> TRY IT
Leave the pictures out. Return all other data exactly.

--- COLLECTED MATERIAL ---

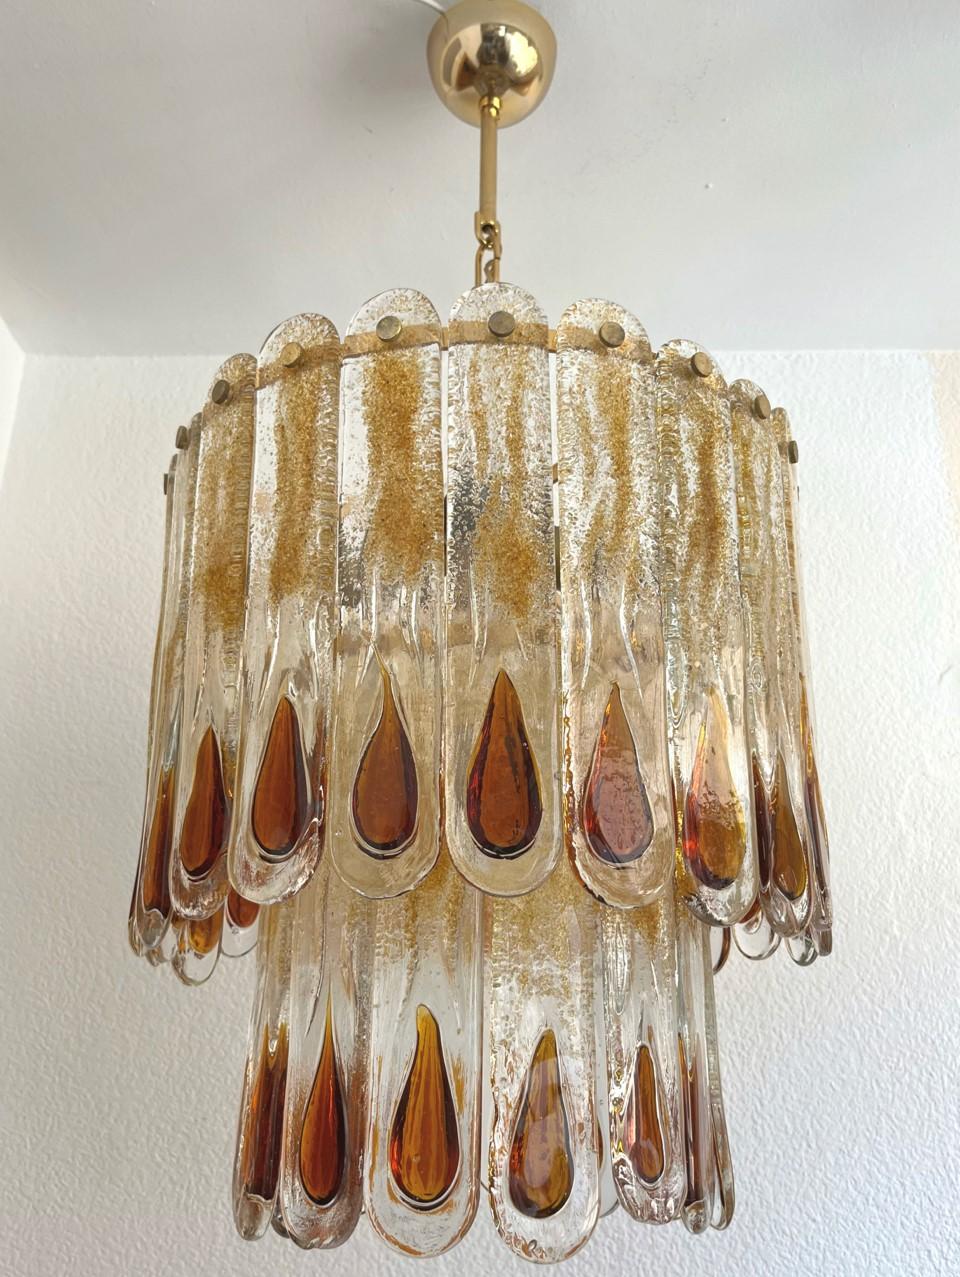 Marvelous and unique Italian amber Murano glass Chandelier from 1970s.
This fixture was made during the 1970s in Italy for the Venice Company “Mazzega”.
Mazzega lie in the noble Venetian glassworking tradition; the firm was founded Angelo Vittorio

---

> TASK SOLUTION
 Marvelous and unique Italian amber Murano glass Chandelier from 1970s.
This fixture was made during the 1970s in Italy for the Venice Company “Mazzega”.
Mazzega lie in the noble Venetian glassworking tradition; the firm was founded Angelo Vittorio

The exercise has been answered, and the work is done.